The data —
*** Begin section ***
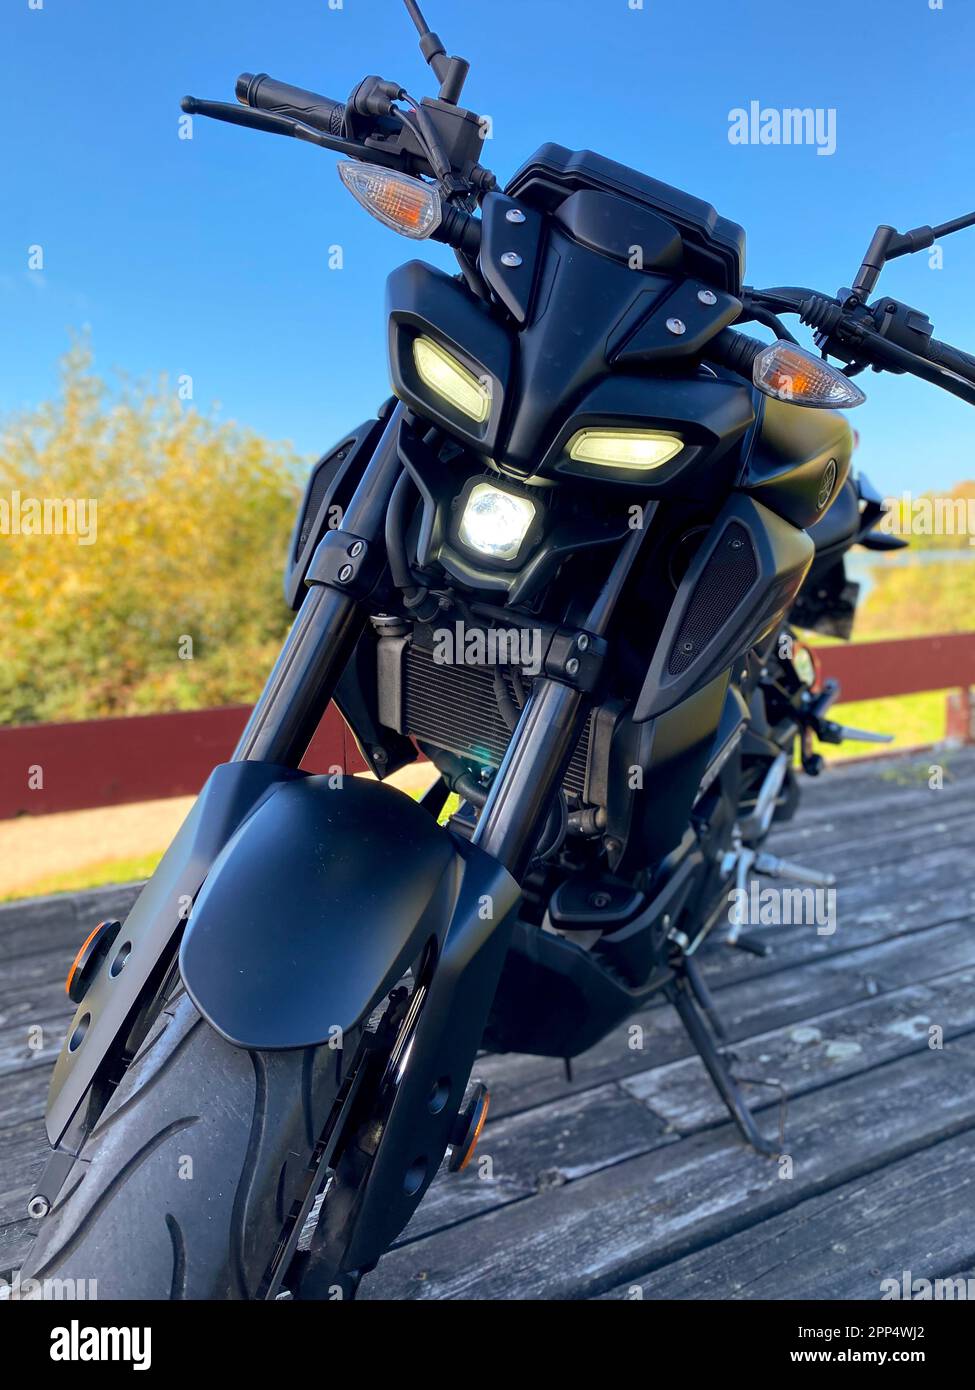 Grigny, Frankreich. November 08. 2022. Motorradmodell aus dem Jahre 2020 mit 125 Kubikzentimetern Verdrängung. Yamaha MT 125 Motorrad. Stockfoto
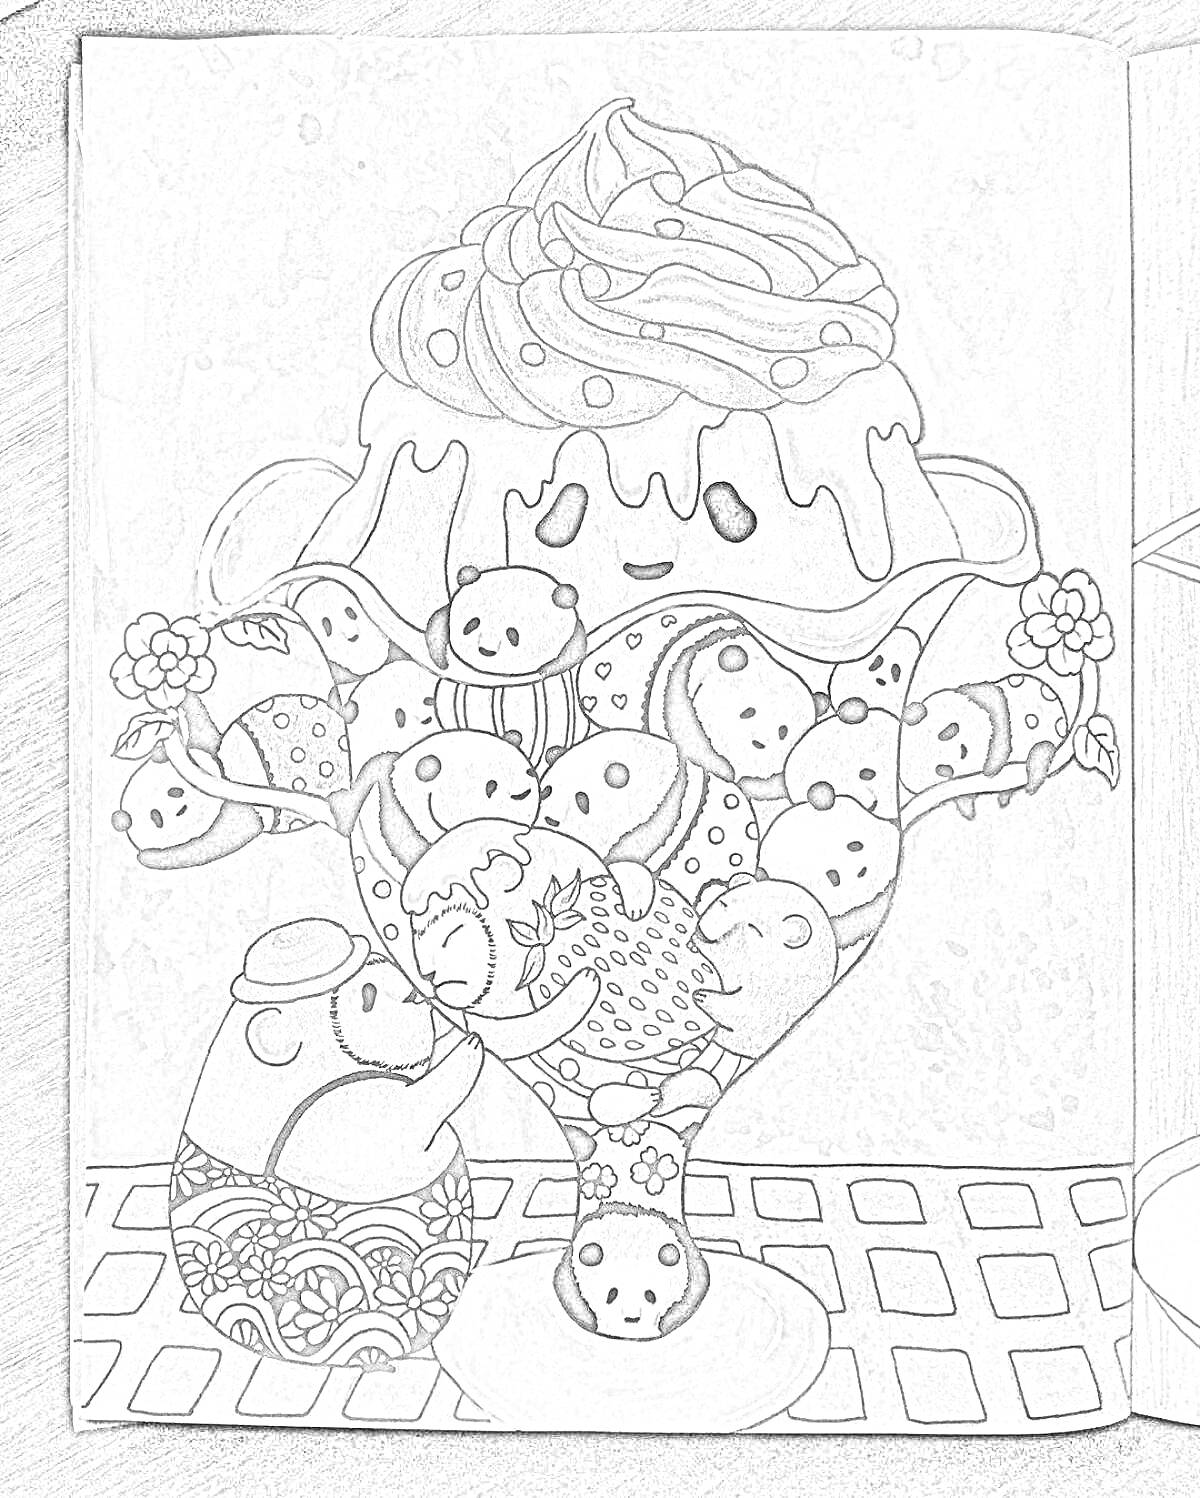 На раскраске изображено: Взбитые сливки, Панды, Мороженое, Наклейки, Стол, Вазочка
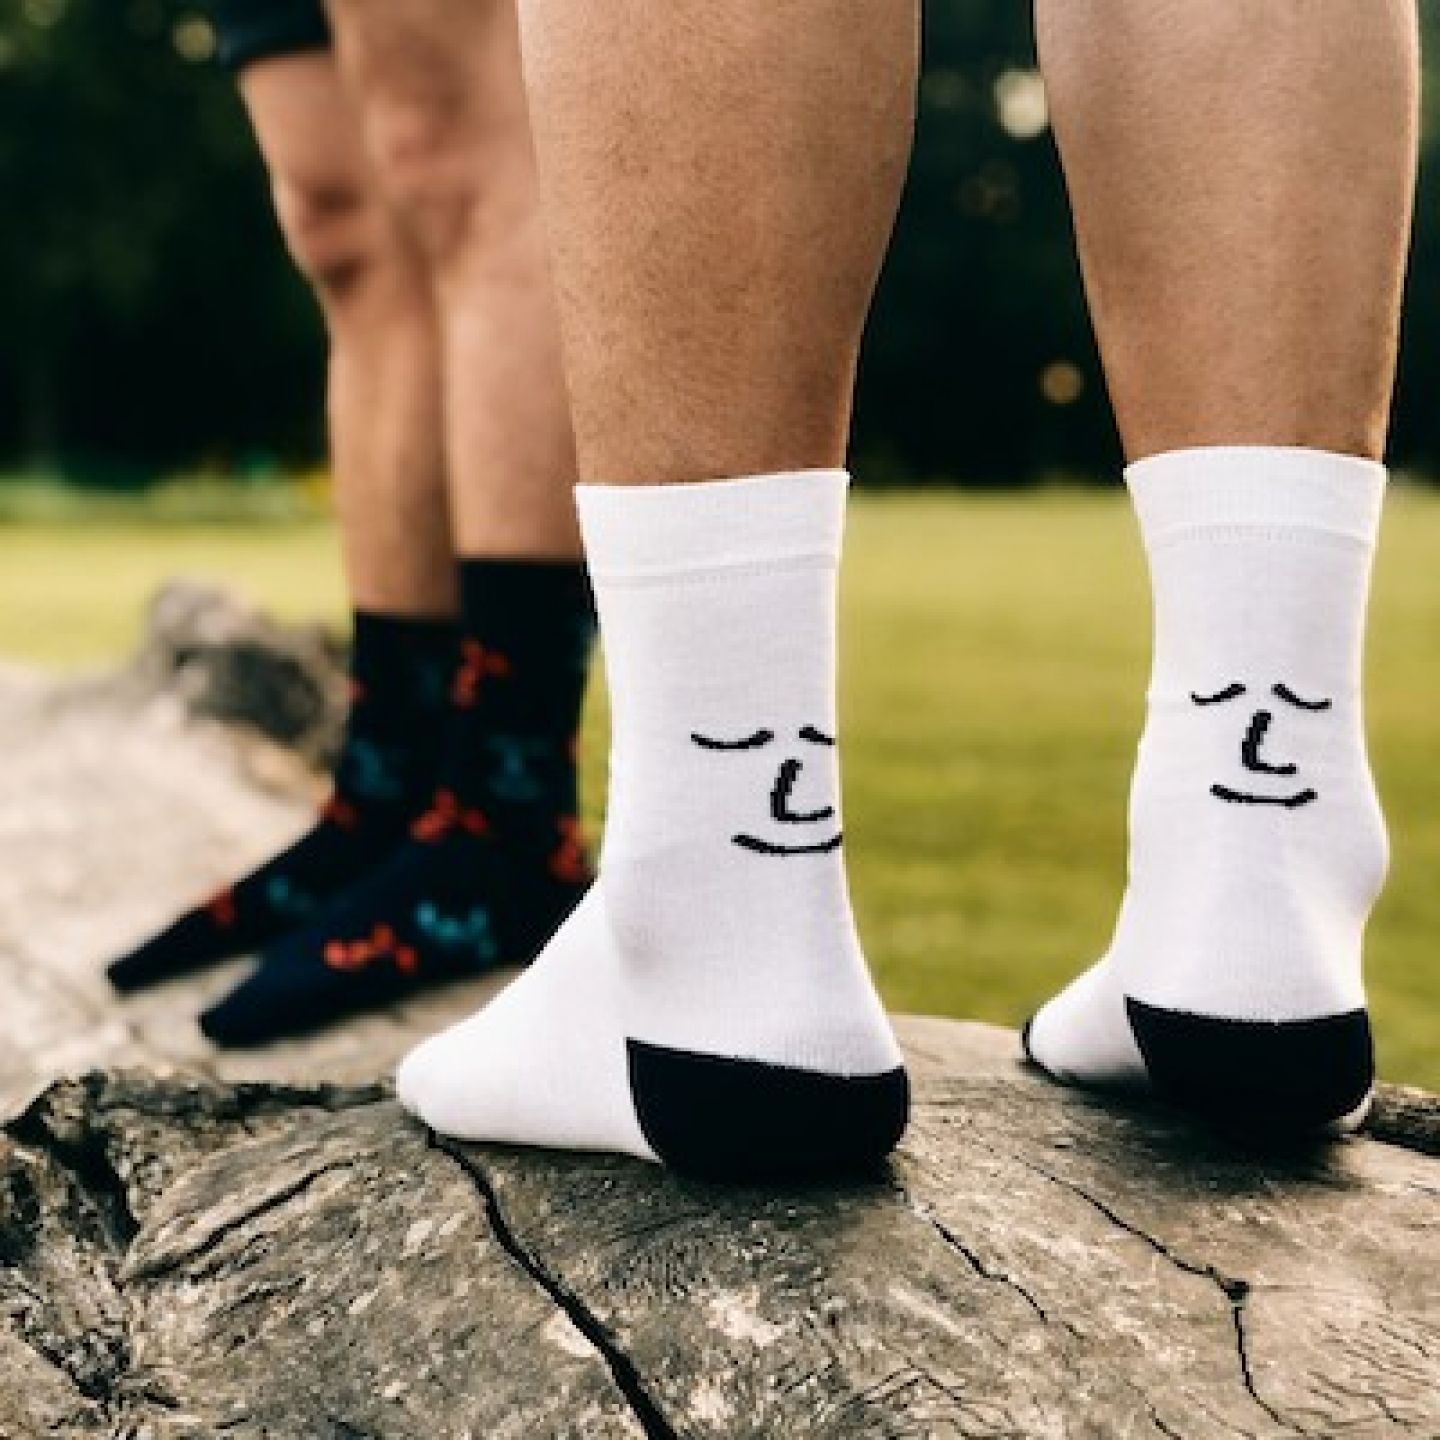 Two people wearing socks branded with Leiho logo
*** End section ***
Task details — Copy out all the data without changing anything, and drop the pictures.

Result —
 Grigny, Frankreich. November 08. 2022. Motorradmodell aus dem Jahre 2020 mit 125 Kubikzentimetern Verdrängung. Yamaha MT 125 Motorrad. Stockfoto
 На раскраске изображено: Взбитые сливки, Панды, Мороженое, Наклейки, Стол, Вазочка
 Two people wearing socks branded with Leiho logo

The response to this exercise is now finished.